The American Association of Retired Persons (AARP), the venerable group that’s always looking out for our best interests, has completed three major surveys of the sexual behavior of midlife (and older) adults.
This third such survey was released in 2009 (following earlier surveys in 1999 and 2004), and while nothing was truly shocking, some information was interesting, and some might be helpful. And, with three such studies conducted over a period of years, the organization is able to identify some trends and changes.
The 2009 study surveyed 1670 adults (the “panel”) over the age of 45. According to the firm commissioned to conduct the study, it’s “the first online research panel that is representative of the entire U.S. population.”
So, what’s happening behind our bedroom doors?
It’s no news flash that men and women are different in the way they view sex.

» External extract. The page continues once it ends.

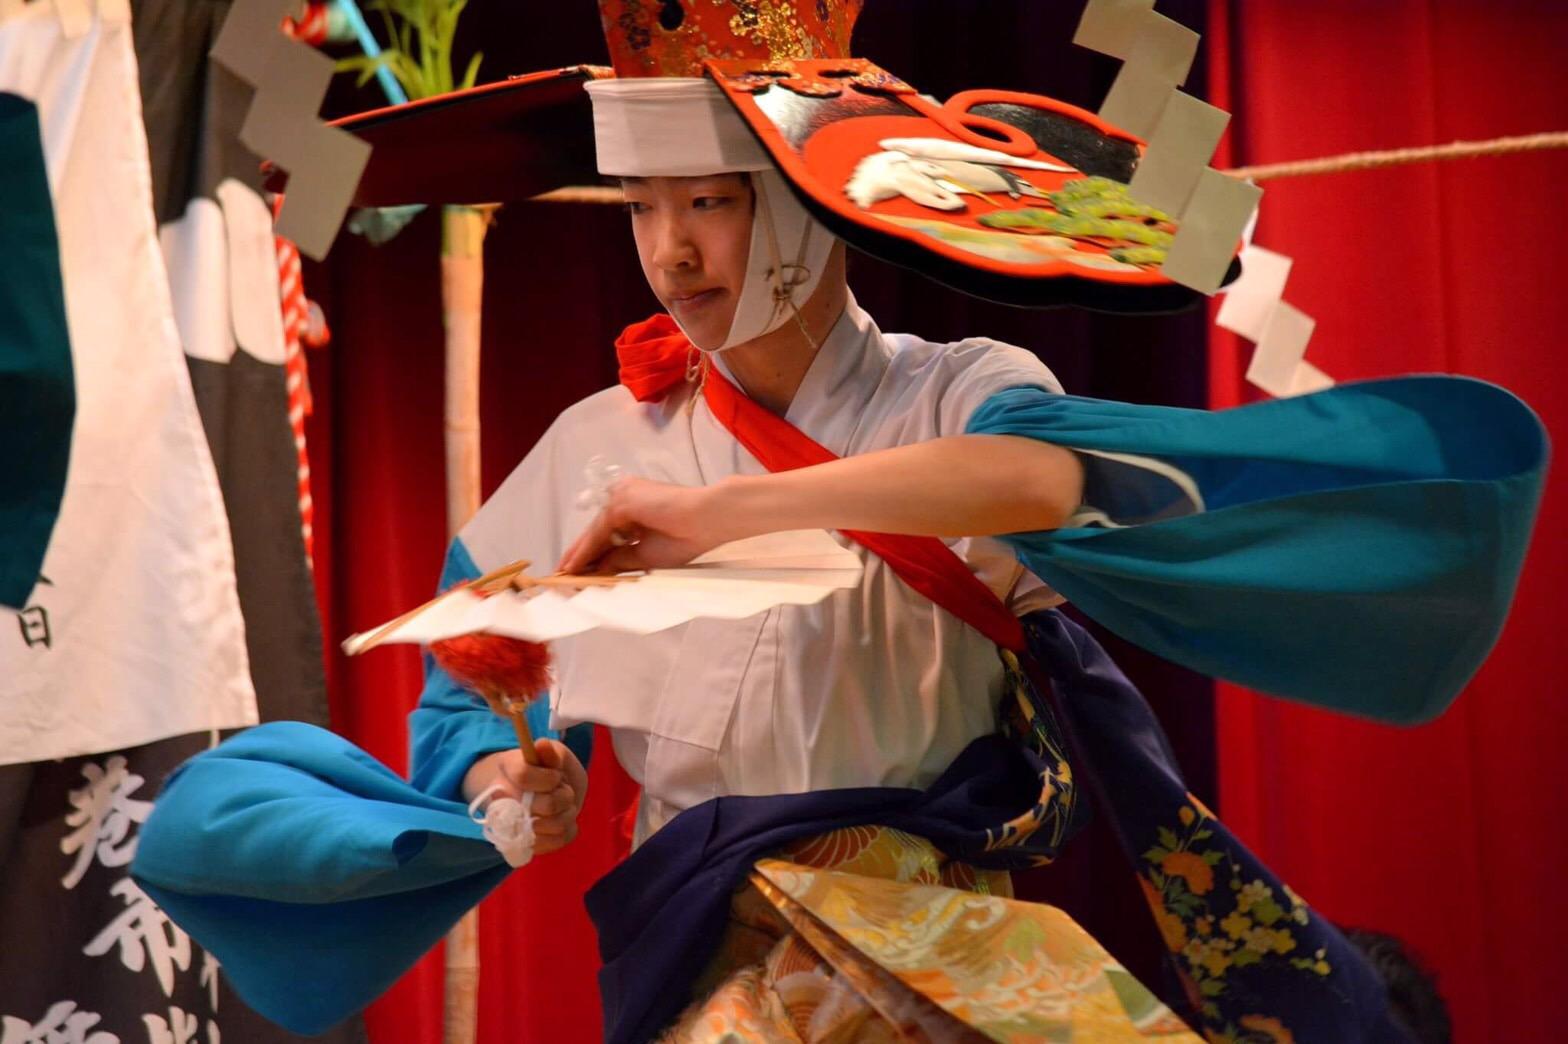 高橋滉太さんの演舞

For one thing, Mars thinks about sex more than Venus. (Men are five times more likely than women to think about sex once a day). They masturbate more (34 percent to 12 percent) and admit to having oral sex more. (Presumably with women? So… are the women just too timid to admit it?) They are also twice as likely to have sex outside their long-term relationship (21 percent of men admit to infidelity as opposed to 11 percent of women).

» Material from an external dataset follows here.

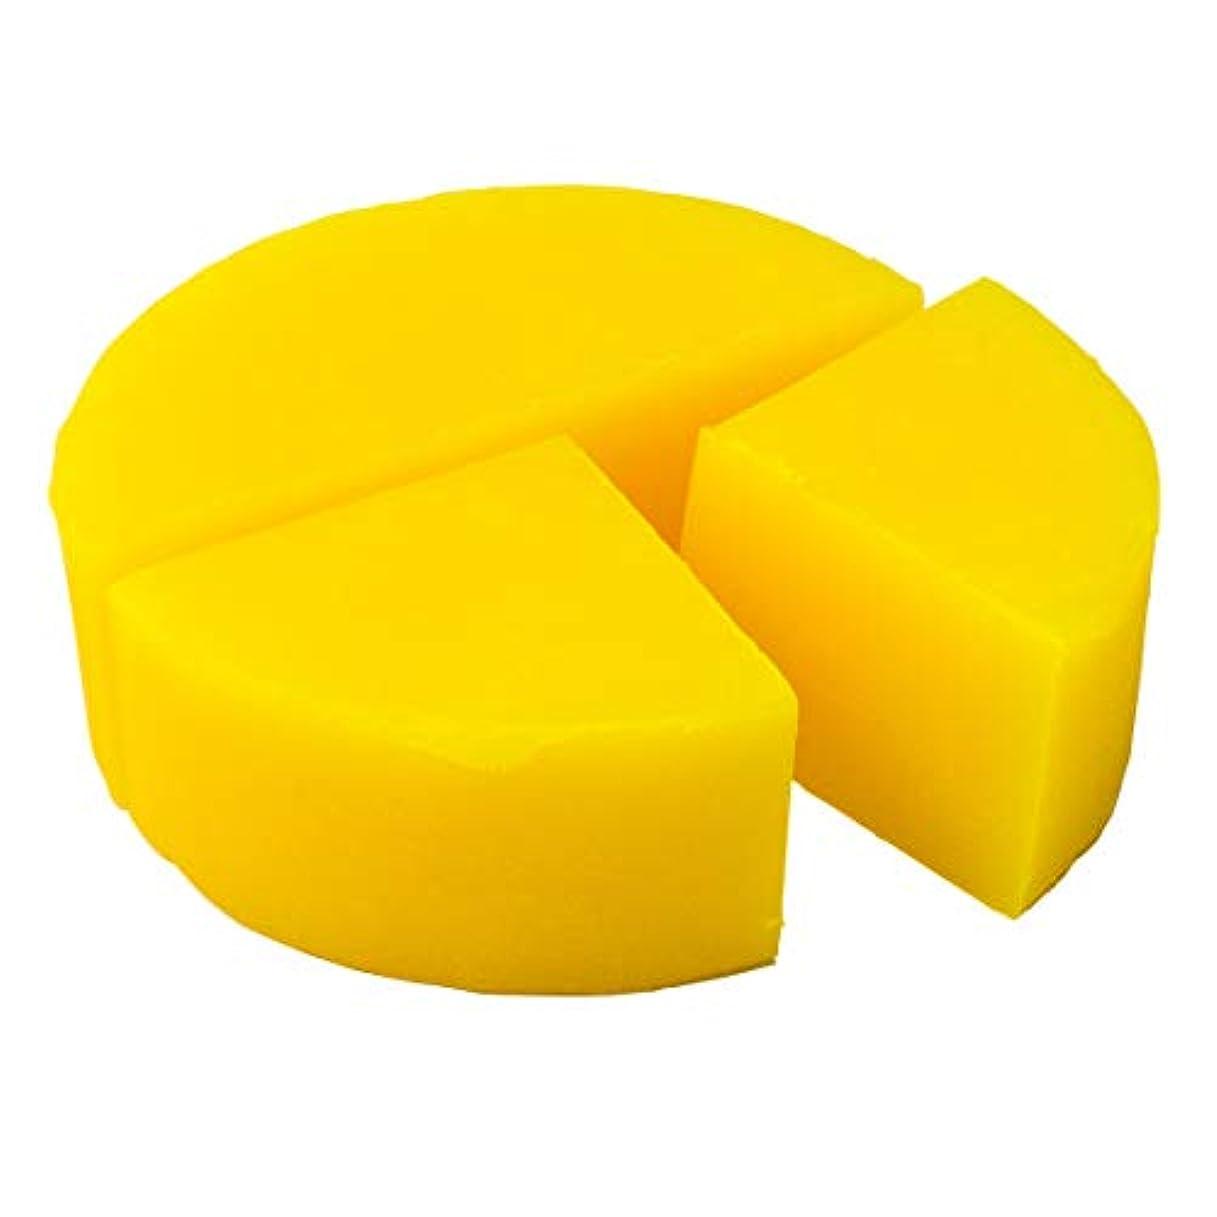 効能ある孤独資源グリセリン クリアソープ (MPソープ) 色チップ 黄 100g

Bottom line: “Sex is far more important to the overall quality of life of men than women and also more critical to a good relationship.”
This doesn’t mean women don’t like sex—or think about it, or fantasize, or masturbate. It just means sex is front and center in the male brain, while it nestles cozily into a less prominent lobe in women.
Married vs. dating
While simply having a partner increases the odds of sexual satisfaction (now there’s a news flash), being married doesn’t—necessarily. Respondents who were “partnered but unmarried”—single and dating or engaged—have sex more often and like it more than their married counterparts.
Gives those of us who are married something to work on, hey?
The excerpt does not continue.